Zwischen all den lauten Tönen befinden sich mit Songs wie "Ein letztes Glas" oder "Ich lass Dich los" auch leise Momente. Auch wenn beides Balladen sind, unterscheiden sich diese Nummern doch deutlich von den Balladen anderer Künstler, wo man immer wieder über das schablonenhafte, gleichklingende Prinzip stolpert, was einen auch schnell langweilt. Was ist Deine Rezept, eine Ballade so in Szene zu setzen, dass sie beim Hörer auch ankommt?
Ich mache mir gar nicht so viele Gedanken darum, wie das letztlich ankommen wird. Bei einer Ballade wie "Ich lass Dich los" kommt es darauf an, eine Art Therapie für einen selbst zu entwickeln. Es geht darin ja auch um den Verlust meiner Beziehung, was für mich ganz schlimm war. Ich habe einfach drauflos geschrieben. Das Schöne war hier, dass an dem Song ein Freund von mir mitgeschrieben hat, der sofort verstand, wie ich mich gefühlt habe. Die Musik mache ich dann übrigens nicht selber, denn das kann ich gar nicht. Da bin ich also immer auf meine Gitarristen und die anderen Mitmusiker angewiesen. Bei mir ist es generell so, dass erst die Musik da ist und dann der Text kommt. Erst muss also der Move, der Vipe da sein und da packe ich dann meinen Text rauf. Ich konstruiere nicht, wie könnte ich jetzt beim Zuhörer am besten landen, sondern das ist eher eine Gefühlssache. Und bei diesem Song spürte ich sofort, das war genau mein Thema.

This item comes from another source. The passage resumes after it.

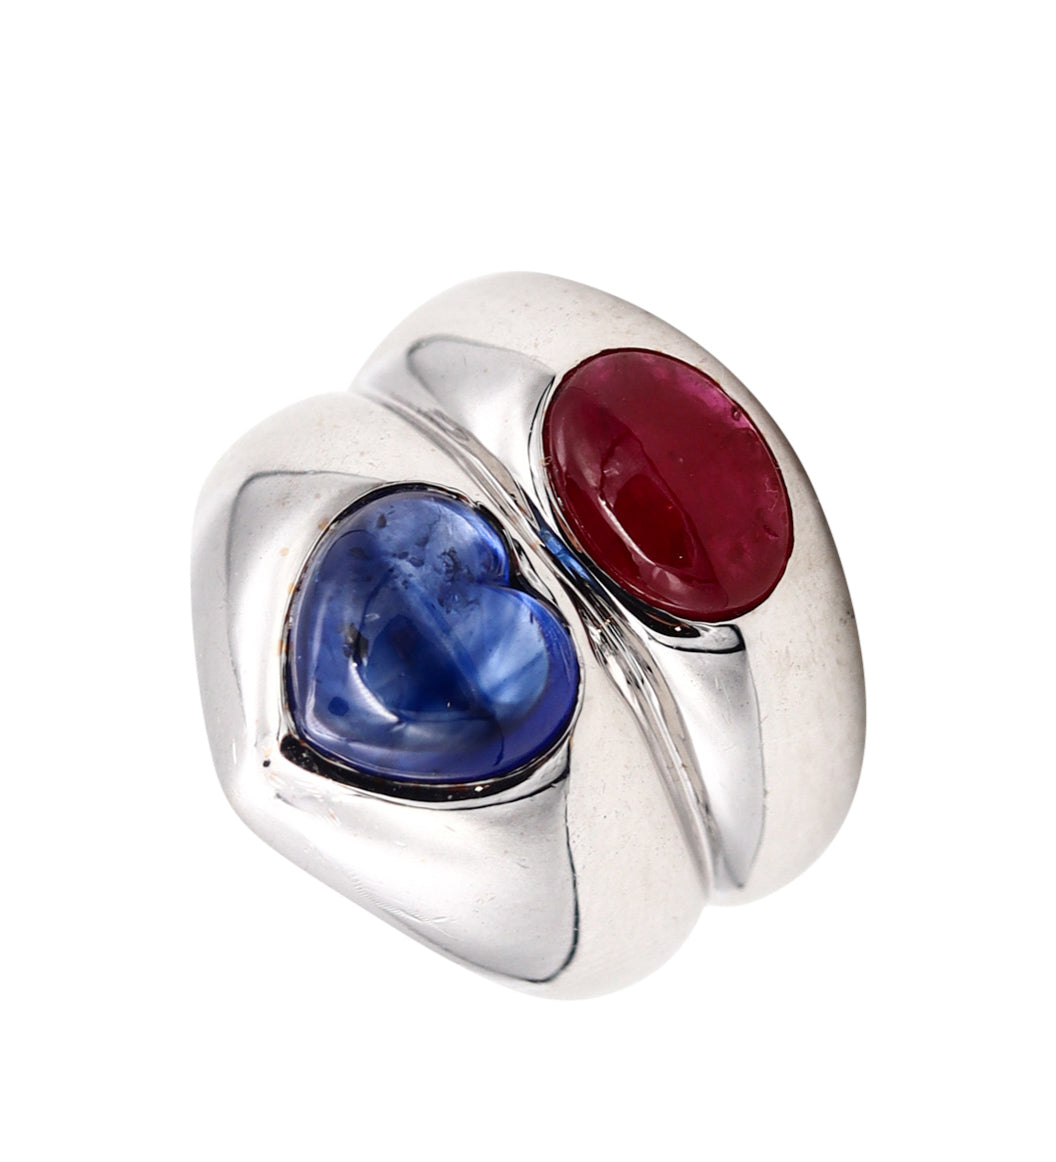 *Bvlgari Roma Doppio Cocktail Ring In 18Kt White Gold With Gia Certified 4.41 Cts In Red Ruby & Ceylon Sapphire

Also höre ich heraus, man muss selber erst ein tiefes Tal durchschreiten, um glaubhaft eine Ballade rüberbringen zu können.
Ich weiß nicht, ob das wirklich so sein muss. Es gibt bestimmt auch Leute, die das einfach so können oder die gut schauspielern können. Ich jedenfalls muss immer erst böse auf die Schnauze fallen, um solche Texte schreiben zu können. Ich könnte auch niemals für andere Leute die Texte schreiben, weil ich mich gar nicht so tief in deren Geschichte rein denken und einlesen kann. Deshalb klingt es bei mir auch immer sehr ehrlich und authentisch. So wie ich mit Dir gerade spreche, so versuche ich auch zu singen.

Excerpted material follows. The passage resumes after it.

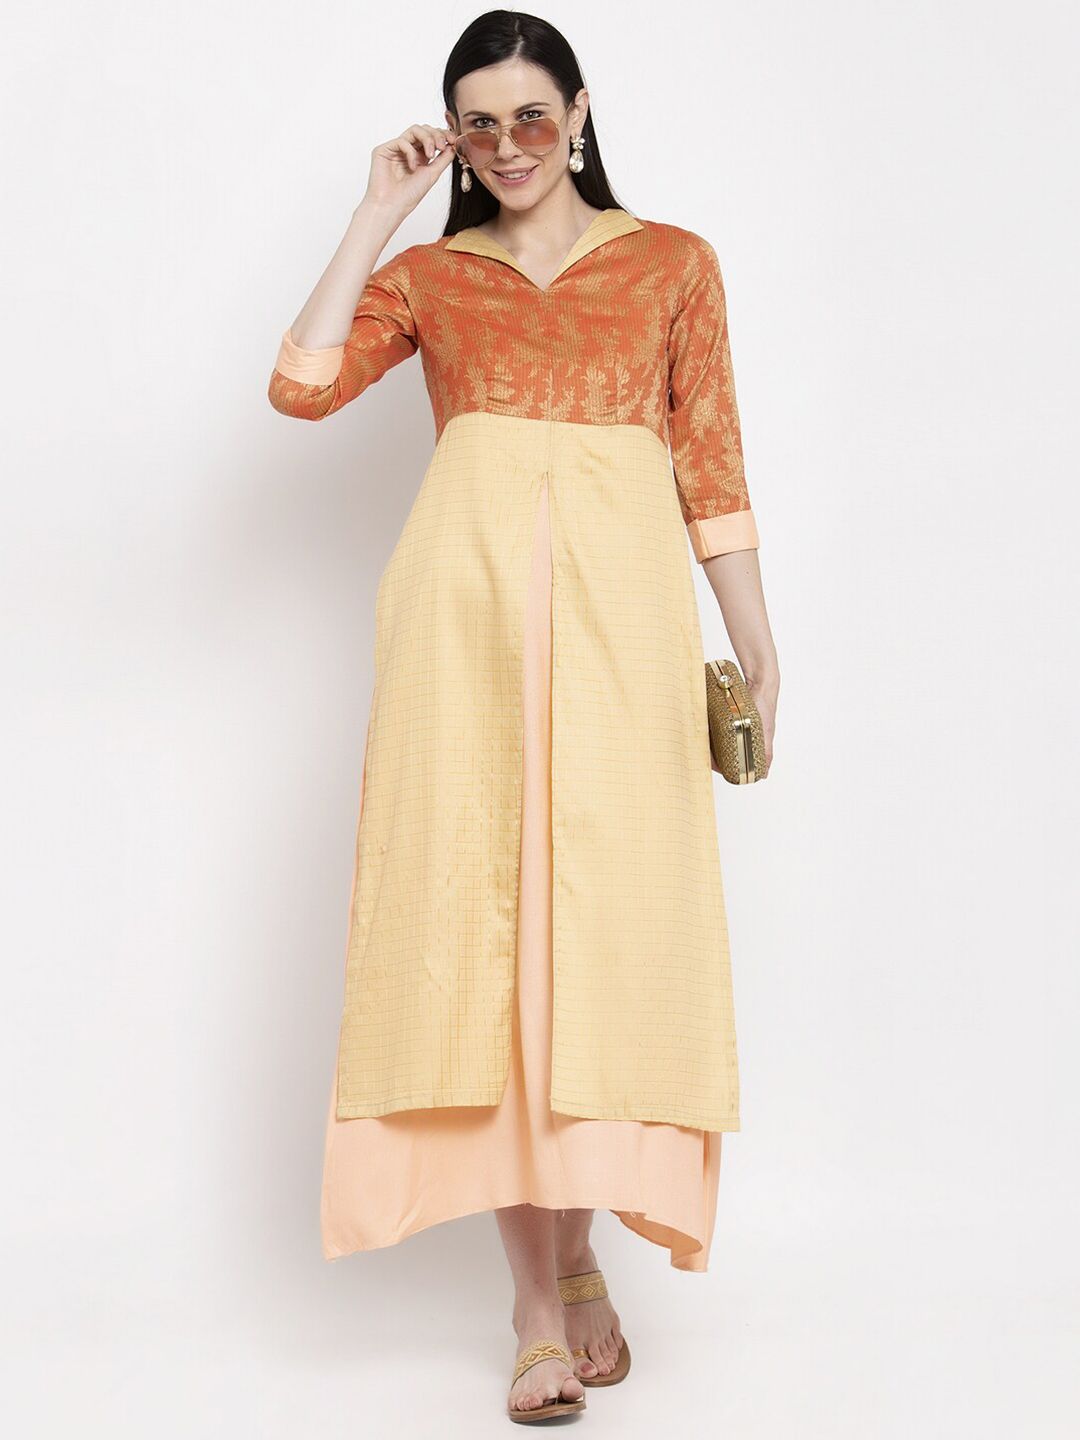 DUGRI BE THE ONE Gold-Toned Floral A-Line Midi Dress Price in India

Du hast gesagt, auf die Charts schielst Du nicht mehr. Das ist nicht weiter tragisch, denn das ist ja eh alles verlogen, machen wir uns nichts vor. Aber es geht ja auch um eine Wahrnehmung von außen. Mit Liedern wie "Am Ende des Tages", "Herz bleibt Trumpf" oder "Frei sein" würde man ja den inneren Frieden im "Fernsehgarten" stören und bei Andrea Kiewel möglicherweise ein Knalltrauma verursachen. Auch im WDR-Radio müsste man erst noch einen Kanal erfinden, um Deine Songs spielen zu können. Welche Chancen rechnest Du Dir mit den Songs für Einsätze in Funk und Fernsehen aus oder gehörst Du in dieses Auslaufmodell gar nicht mehr rein?
Nein, das ist für mich alles nicht mehr interessant, das habe ich alles schon erlebt und mitgemacht. Wir waren ganz oft im "Fernsehgarten", wo ich dann zum Playback meine Lippen bewegen musste. Das ist nicht mehr meine Welt. Sollte es dann doch mal wieder zu einem Fernsehauftritt kommen, freue ich mich darüber natürlich sehr, weil ich dadurch viele Menschen erreiche. Aber ich forciere das nicht mehr wirklich. Ich bettel nicht um etwas, was ich so gar nicht brauche. Mir geht es in erster Linie um das Livespielen und dass ich meine eigene CD in den Händen halte. Kommt etwas nebenher, dann mache ich das sehr gerne, aber wie gesagt, der Focus steht mittlerweile woanders. So eine Radio-Promo-Schweinetour, sich überall vorstellen müssen, nein danke. Ich habe das alles hinter mir und würde es vielleicht auch irgendwann mal wieder machen, weil es eben dazu gehört, aber das wird dann frühestens 2020 passieren. 2019 schaue ich erst einmal, dass ich meine eigene Tournee gut spiele und ein paar Leute erreiche.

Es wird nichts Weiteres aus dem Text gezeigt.